Stored dataset items
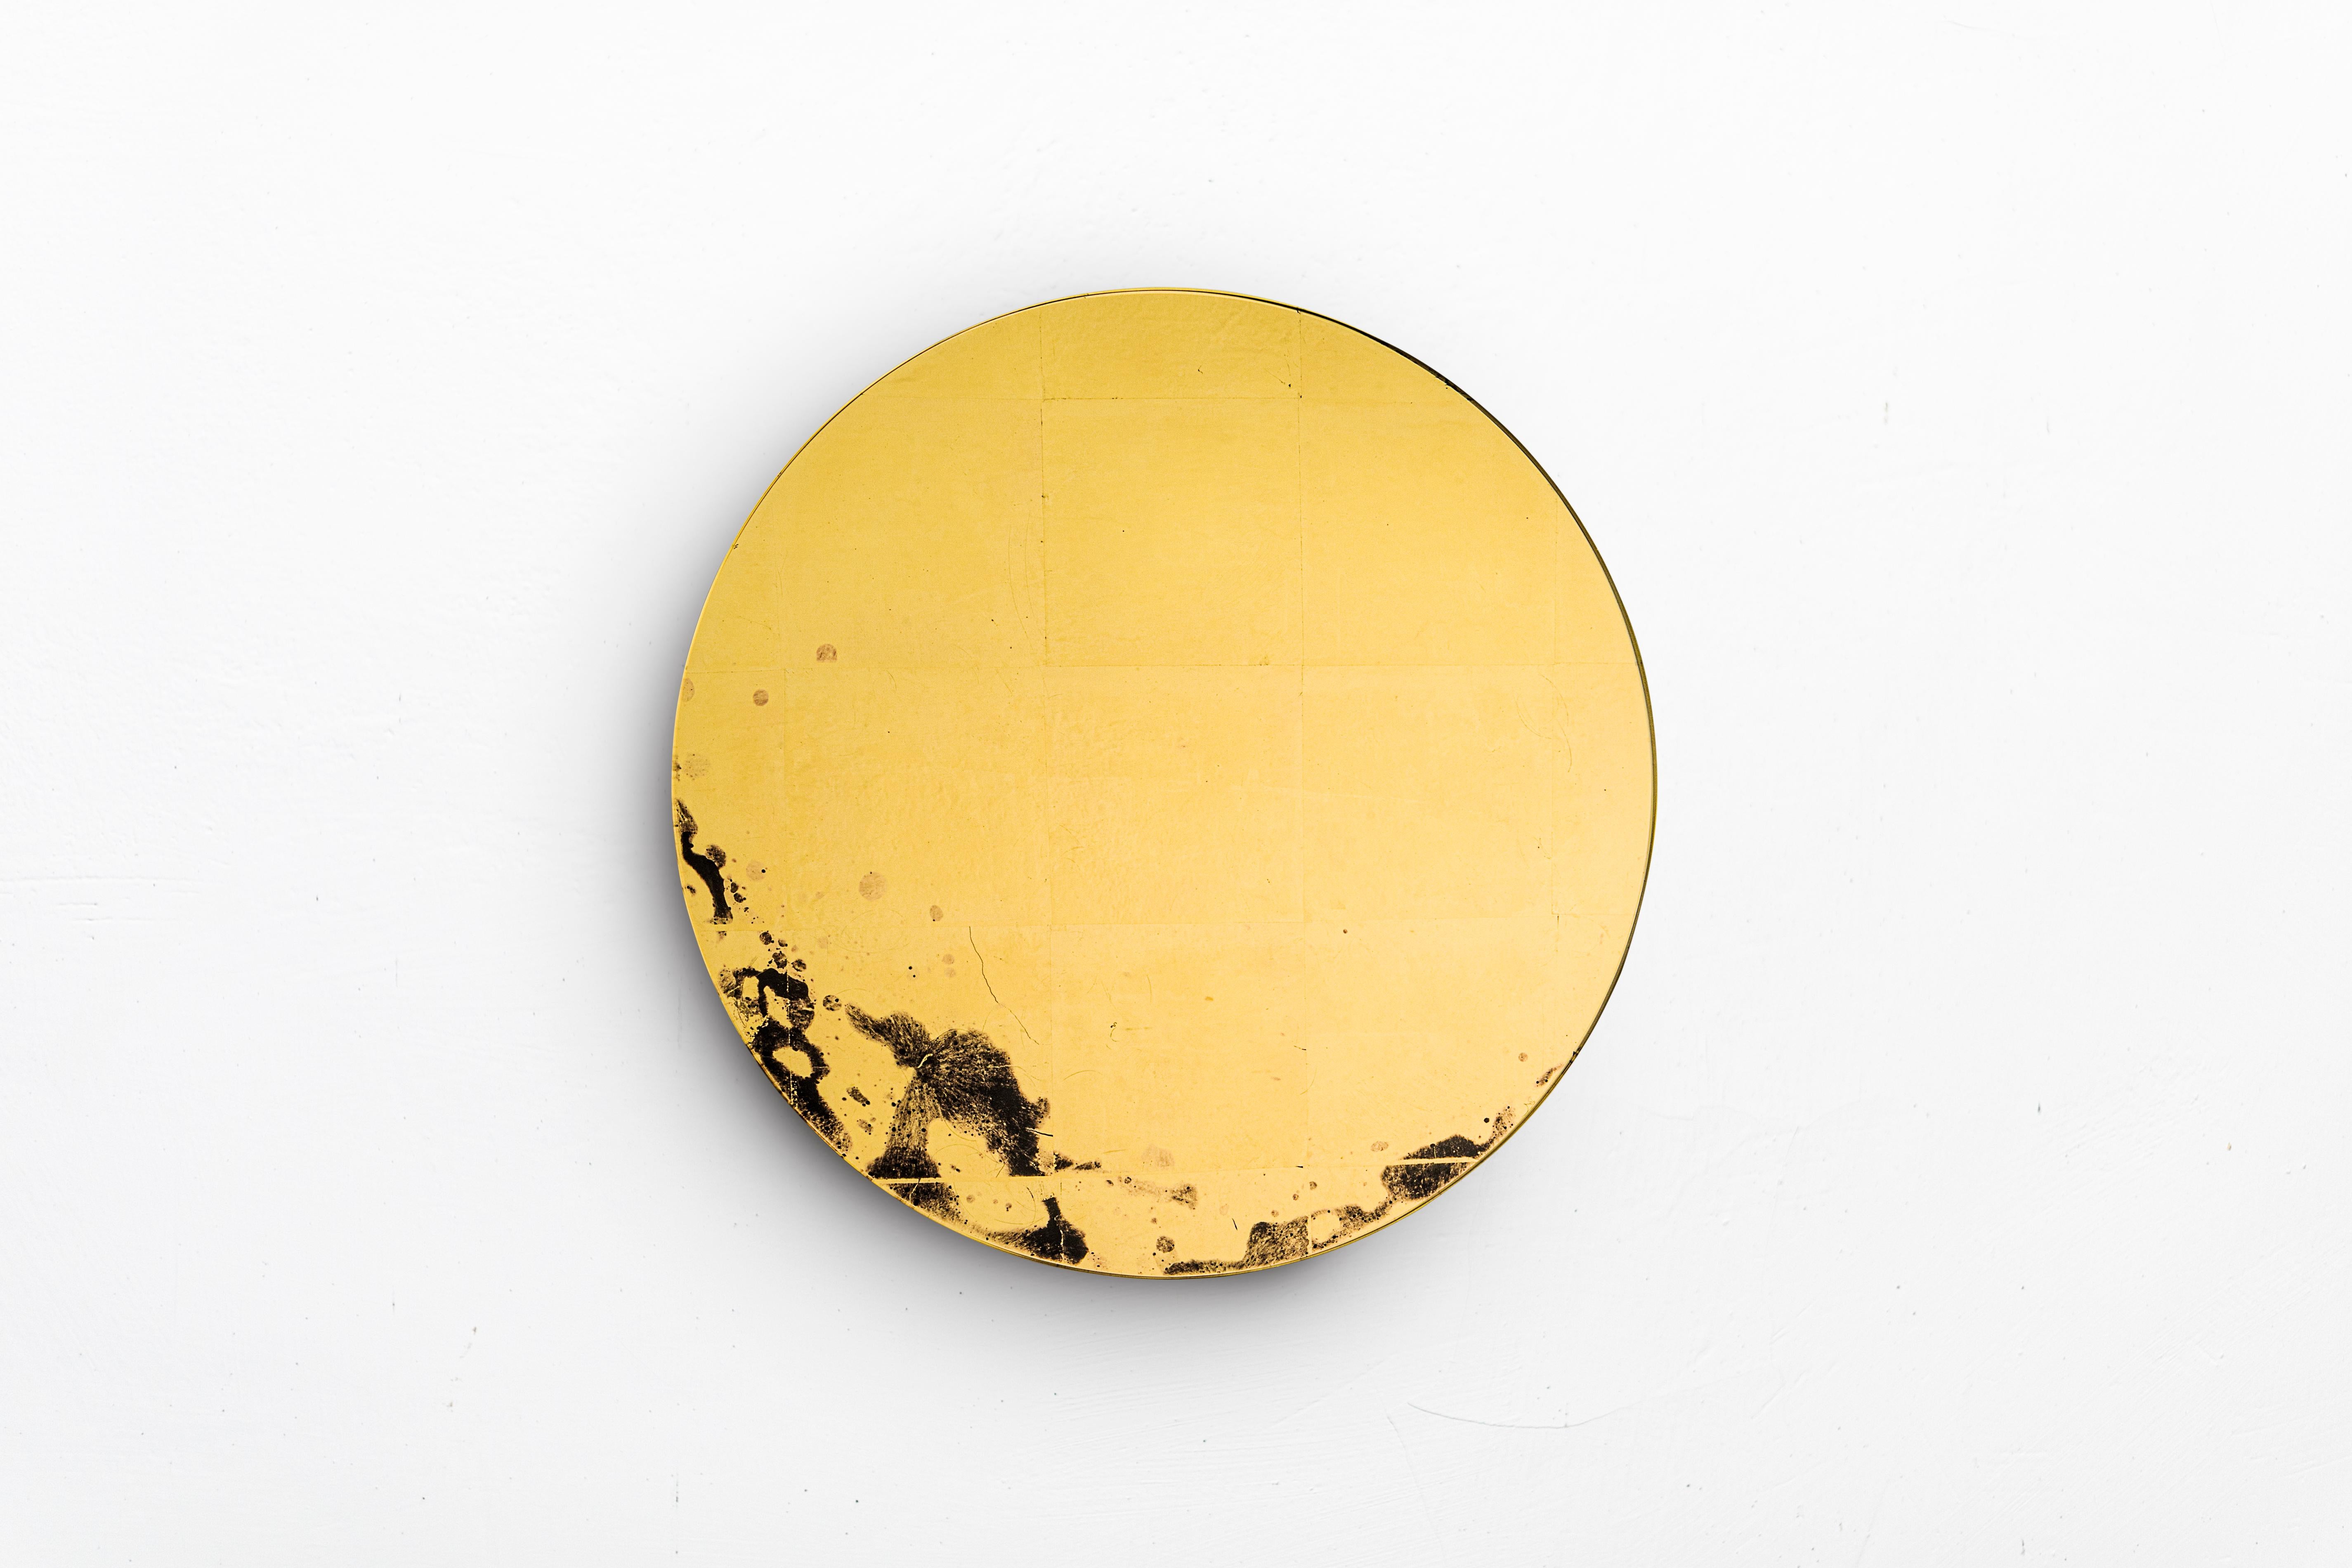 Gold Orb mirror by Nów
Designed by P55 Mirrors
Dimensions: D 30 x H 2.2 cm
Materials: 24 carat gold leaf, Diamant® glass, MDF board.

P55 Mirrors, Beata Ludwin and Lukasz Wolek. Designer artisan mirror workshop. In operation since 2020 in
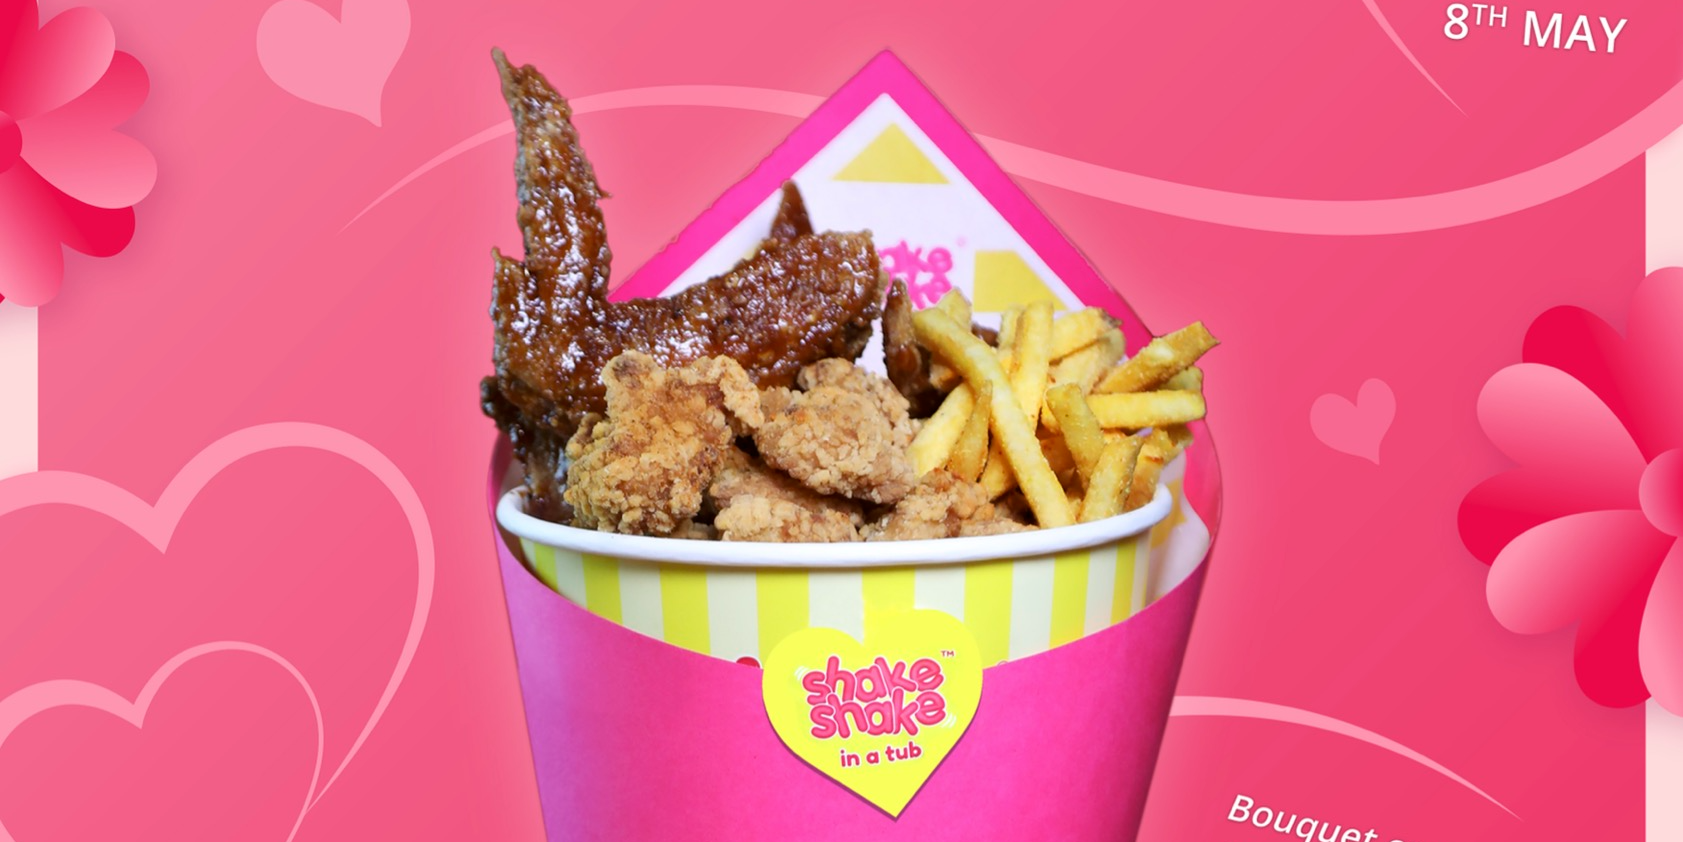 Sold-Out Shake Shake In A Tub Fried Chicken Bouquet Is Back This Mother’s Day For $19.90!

* [Directions]
Your reply should hold every line above exactly as written and none of the pictures.

* [Solution to the exercise]
 Gold Orb mirror by Nów
Designed by P55 Mirrors
Dimensions: D 30 x H 2.2 cm
Materials: 24 carat gold leaf, Diamant® glass, MDF board.

P55 Mirrors, Beata Ludwin and Lukasz Wolek. Designer artisan mirror workshop. In operation since 2020 in
 Sold-Out Shake Shake In A Tub Fried Chicken Bouquet Is Back This Mother’s Day For $19.90!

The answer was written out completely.